Thursday, January 17, 2013
That Java infection and Avast 7 Antivirus
This shows a Boot-time scan in progress on my other computer, after it found three infected files in Java. It later found and also deleted one other. These were all in files that presumably should have been removed when I uninstalled the Java a few days ago. I'm showing the above in case you're also using Windows 7 SP1 and would like to check your own computer for similar files.
This Boot-time scan done by Avast is a special scan that you can program it to do on a one-time basis, after which it resets itself to normal. The scan is done while a rebooting action is in progress, but before any of the normal Windows files are loaded, so it can find things that would otherwise be unavailable to it after Windows loads. In this respect, it is a lot like Emco's 'MoveOnBoot', because it does its thing in the midst of a rebooting process, after the shutdown, but before the reloading processes for Windows begin again.
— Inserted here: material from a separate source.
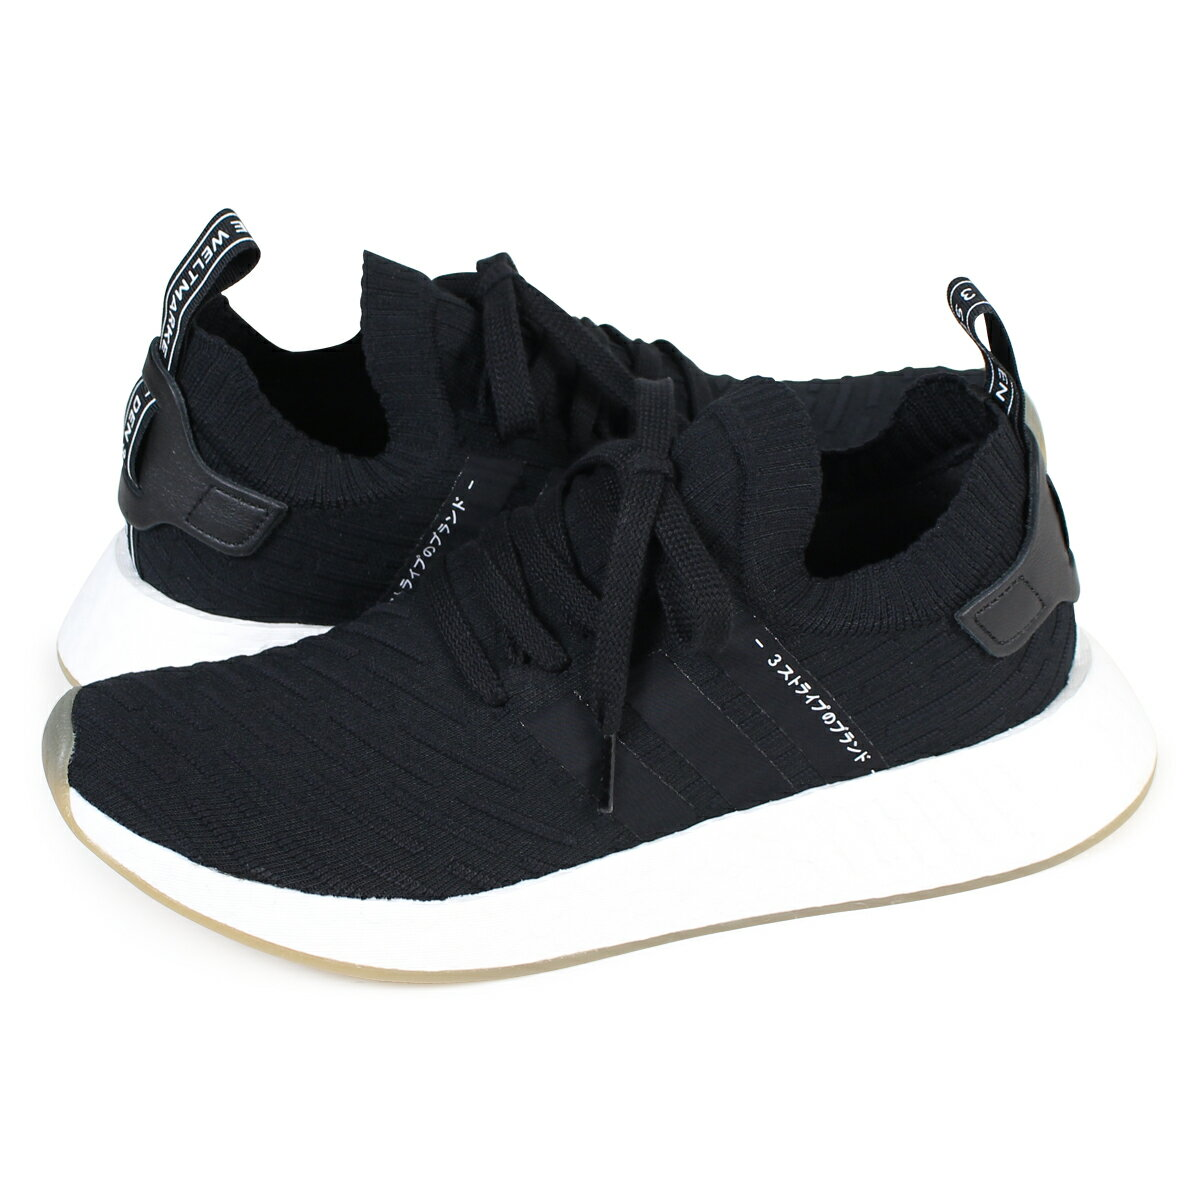 adidas originals NMD R1 PK アディダス スニーカー ノマド メンズ BY9696 靴 ブラック [10/28 新入荷]
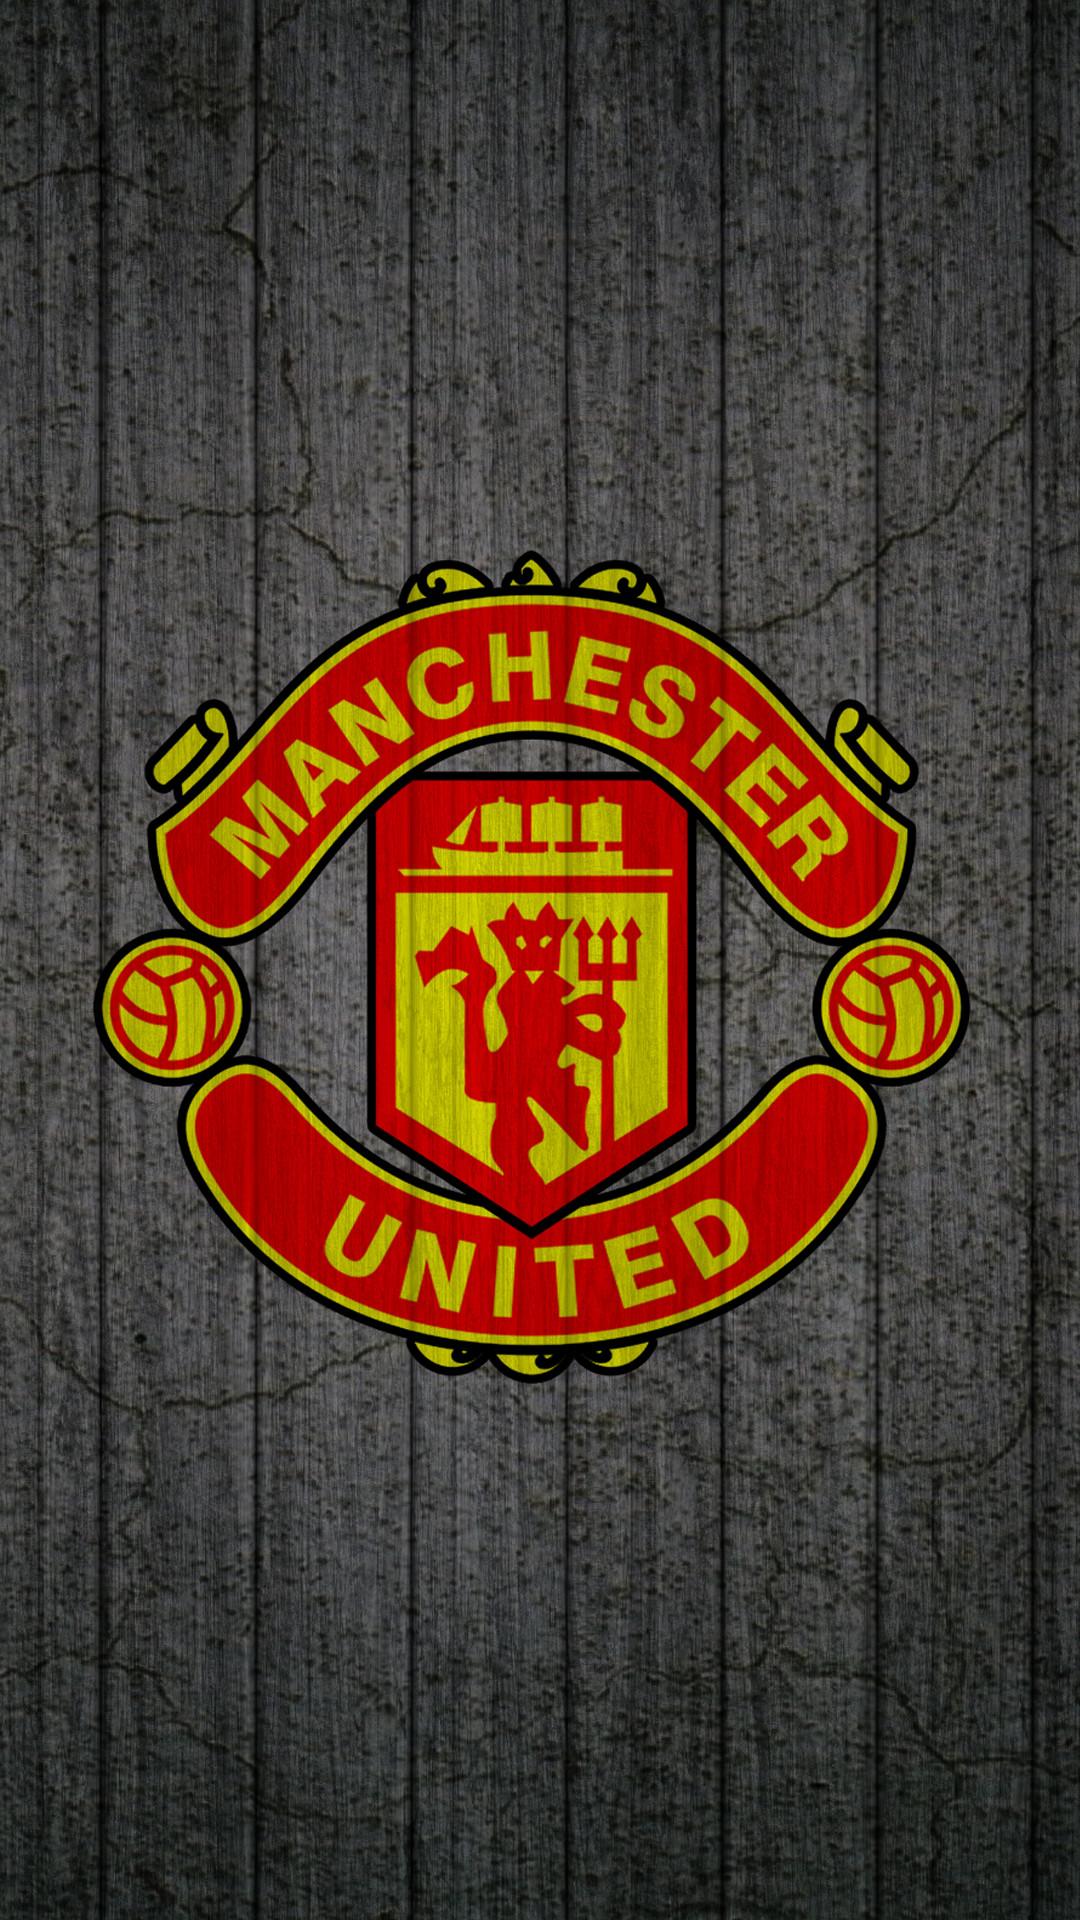 Apple iPhone 6 Plus HD Wallpaper – Manchester United Logo | HD Wallpaper  Download for Desktop

It works very well, and there's only one problem with it - it takes so long to do it, you could reformat your drive and re-install the operating system from scratch, and be up and running again long before this scan finishes on a computer which has a dual-boot setup (two separate operating systems) and a
'Windows Old' folder from a previous installation of Windows. But I wanted to try it, and from this, I've discovered where to look in this other computer to find any similar infections. So it wasn't exactly a waste of time. It just took too long.